The vegetarian culture is one that fosters a particular "snootiness" due to our insistence on pure foods. It is also easy to urge a superior attitude because vegetarian lifestyle is a good choice to make from a health perspective and since so often our reasons for becoming a vegetarian is grounded in moral, ethical or religious values. And this is all well and good as long as you are functioning within the vegetarian community exclusively.
But what if your sweetheart may be a meat eater? If the one you're dating, engaged to or maybe married to isn't a vegetarian, which will cause some pretty delicate moments. The last thing the vegetarian movement is about is hostility. So we've to possess some guidelines on the way to sleep in peace and harmony if your romantic partner has not joined you in your the vegetarian lifestyle.
Of course, one resolution is for your sweetheart to become a vegetarian with you. You could go with the argument of, "well if you loved me you would give up meat." But forcing someone to join the vegetarian community out of guilt is a terrible reason to form that change of life. Your sweetheart will just resent abandoning a food he or she loves and can probably cheat and eat meat when not around you. That kind of tension, resentment and deception is not any grounds for an extended term romance.
A better way is to return to terms together with your differences, find ways to measure with them then see if down the road, your sweetheart might convert of his own free will. The first step, as is true of any conflict in an intimate relationship, is to talk about your differences openly. Sit down and talk about where each of you is on this issue. Agree to disagree. But also comply with find compromises and to not hold the opposite in contempt or to mock the opposite for the life choices he or she has made. By reaching a loving agreement, each of you'll allow the opposite to be who he or she is and therefore the romance can continue because the dietary dispute is resolved peacefully.
Together you'll search for restaurants that provide both vegetarian dishes and meat dishes so each of you'll get what you would like . Now you don’t need to attend a restaurant that shouts in its advertising "We Serve Vegetarians!" All a good restaurant needs is a few good menu entries that are meatless and you can find what you want while your sweetheart enjoys a meat dish. Most good restaurants offer a tempting salad offering that you simply can customize so any meat, bacon bits, boiled eggs or maybe cheese are overlooked . By working together to create an honest list of restaurants both of you'll enjoy, you've got a compromise for date nights which will last an extended time.
Finding ways for both of you to enjoy your diet of choice may be a good future step. But your beloved may have a misconception that vegetarian food can't taste good. So make a deal that he or she might try it one night. Then you'll put your best foot forward by preparing a luxurious vegetarian meal that no-one can resist. But remember that if you are doing attempt to make such a deal, you would possibly need to comply with let your sweetheart attempt to convert you back to the meat eating world with a luxurious hand-crafted meat based meal. If that is not ok with you, don’t make the deal.
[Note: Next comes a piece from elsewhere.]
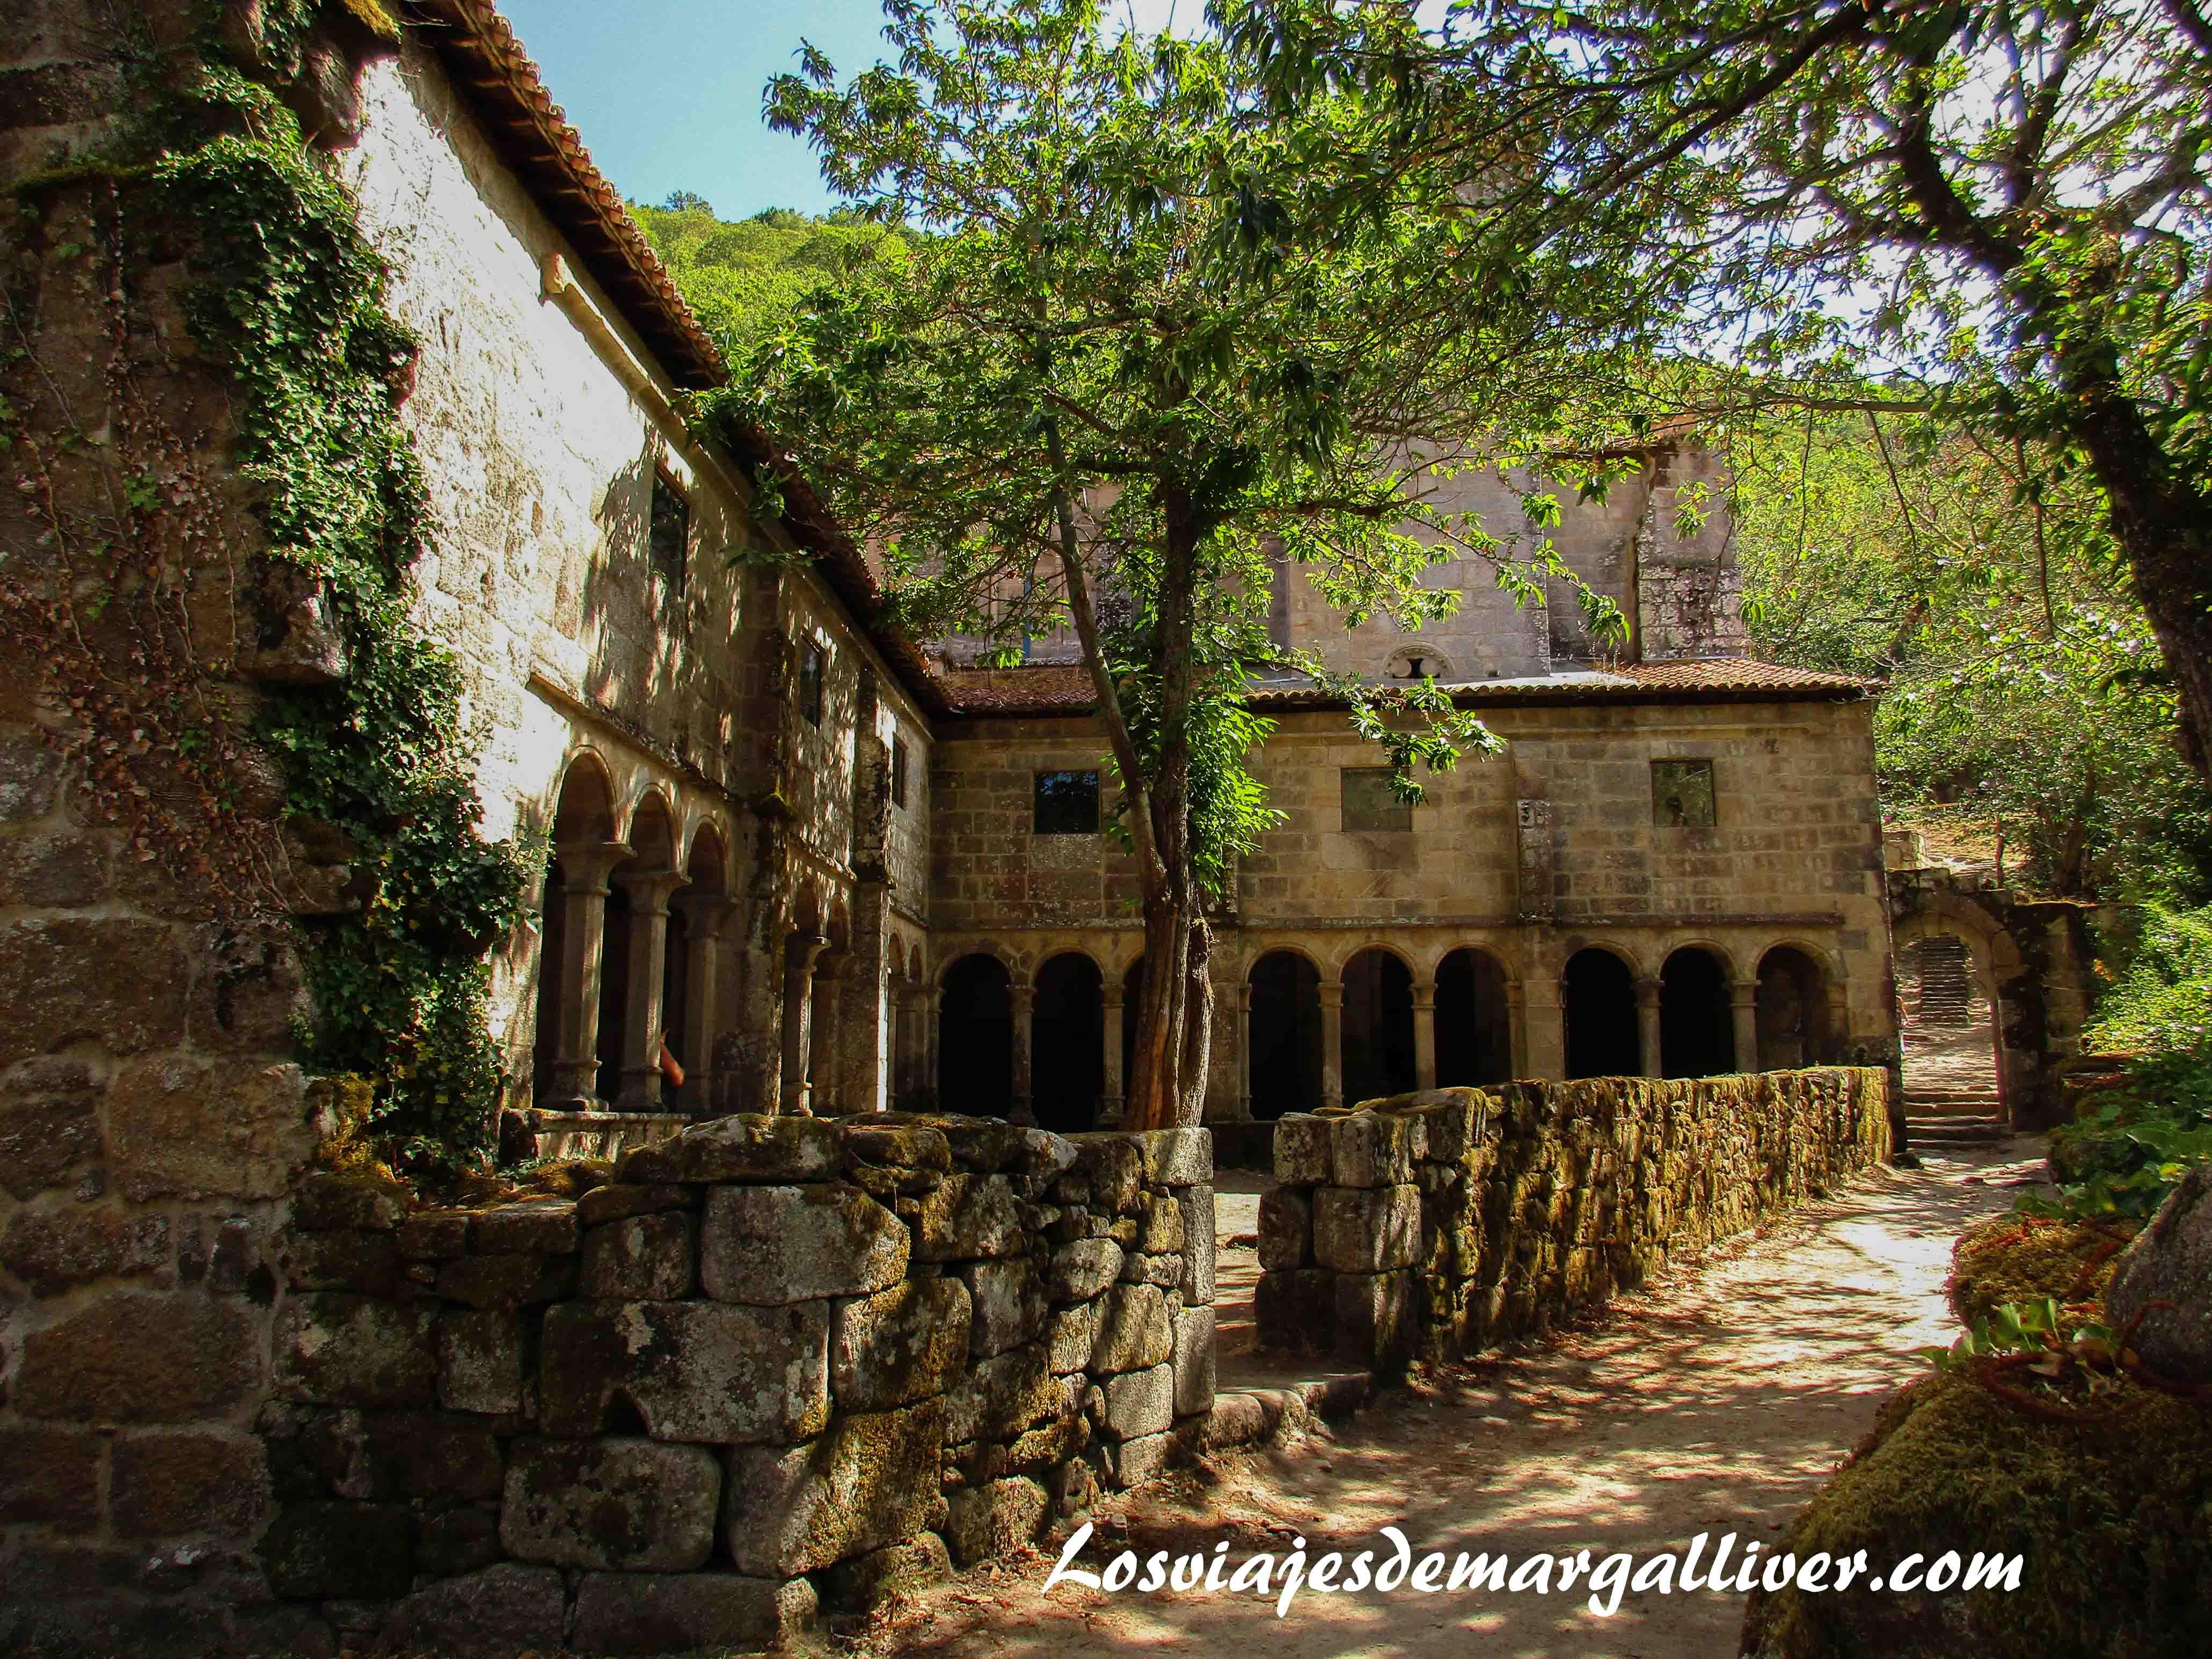 Monasterio de Sta. Cristina do Ribas do Sil en la Ribeira Sacra - Los viajes de Margalliver

Above all, don’t mock or think of your sweetheart's choice of diet with distain or disgust. Don’t make the "eww" face whenever your date features a hamburger or a hot dog. Come to the point that you can live with meat eaters and not feel repulsed when others eat the foods you don’t approve of. After all, you'd not your date to form the "eww" face once you had a tofu burger or an enormous plate of steaming vegetables rather than meat. So treat each other with respect and love. Over time that approach will end in the simplest future romance and perhaps even see you come to a time when he or she sees the sunshine and joins you in the joys of vegetarianism.